The AA filter blurs the image slightly by passing the light through two layers of a birefringent material (lithium niobate). That birefringent material separates incoming light into two rays, essentially polarizing it. The two layers are oriented orthogonally to one another. The light passes through the first one, but if it went straight into the second one, it would be blocked. That's analogous to a variable ND filter beyond the max setting - crossing two polarizers blocks the light. You also see this phenomenon with polarized sunglasses and some LCD displays, which 'go black' if you tilt your head (this is true for some camera rear LCDs, making them a pain to use with polarized glasses as you can't see anything with the camera in portrait orientation). So, to prevent that for the AA filter, there's a 1/4-wave plate in between the two layers to circularly polarize the light after it passes through the first layer of lithium niobate. 

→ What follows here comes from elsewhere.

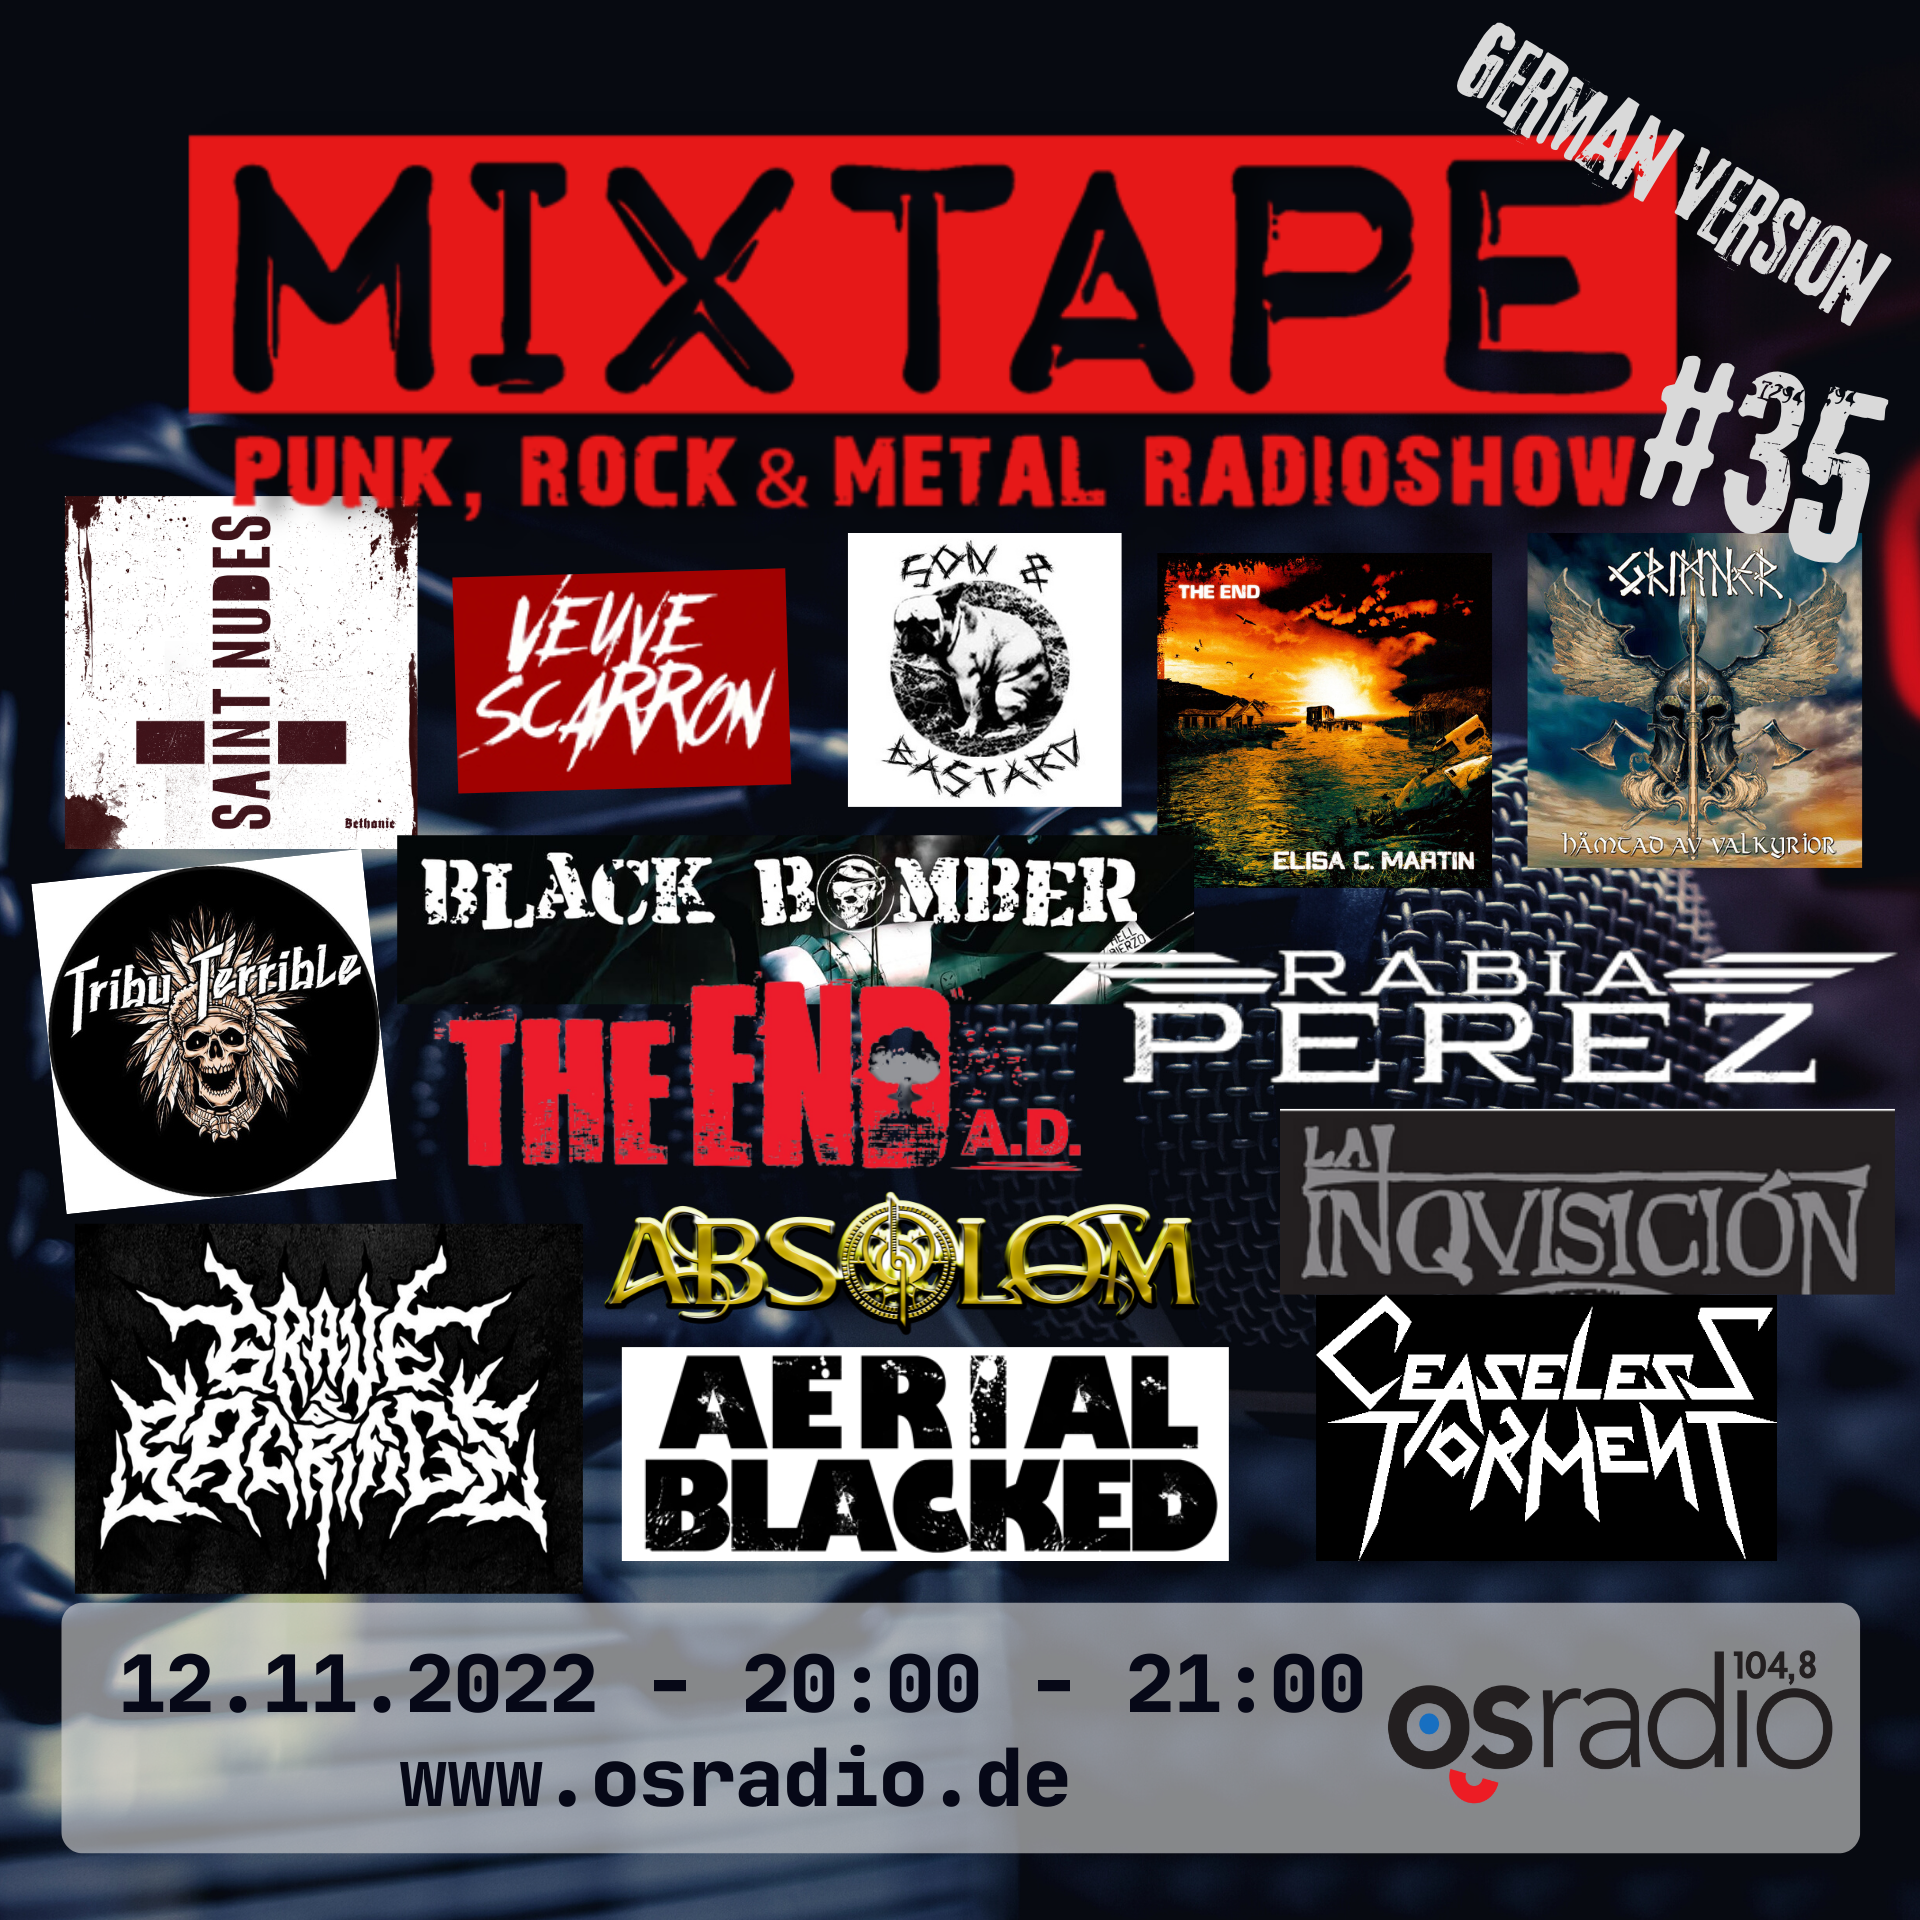 En este momento estás viendo Mixtape German Version #35

Side note: the D800E actually has the two layers of lithium niobate like an AA filter. However, instead the two layers being oriented orthogonally, they are both oriented to separate light vertically, but in the opposite direction, and there's no 1/4-wave plate. So, the light is split then recombined - basically, a non-functional AA filter. I presume they did that for manufacturing reasons, to keep the layers of filters over the sensor close to the same total thickness and thus maintain alignment with the AF sensor assembly, etc.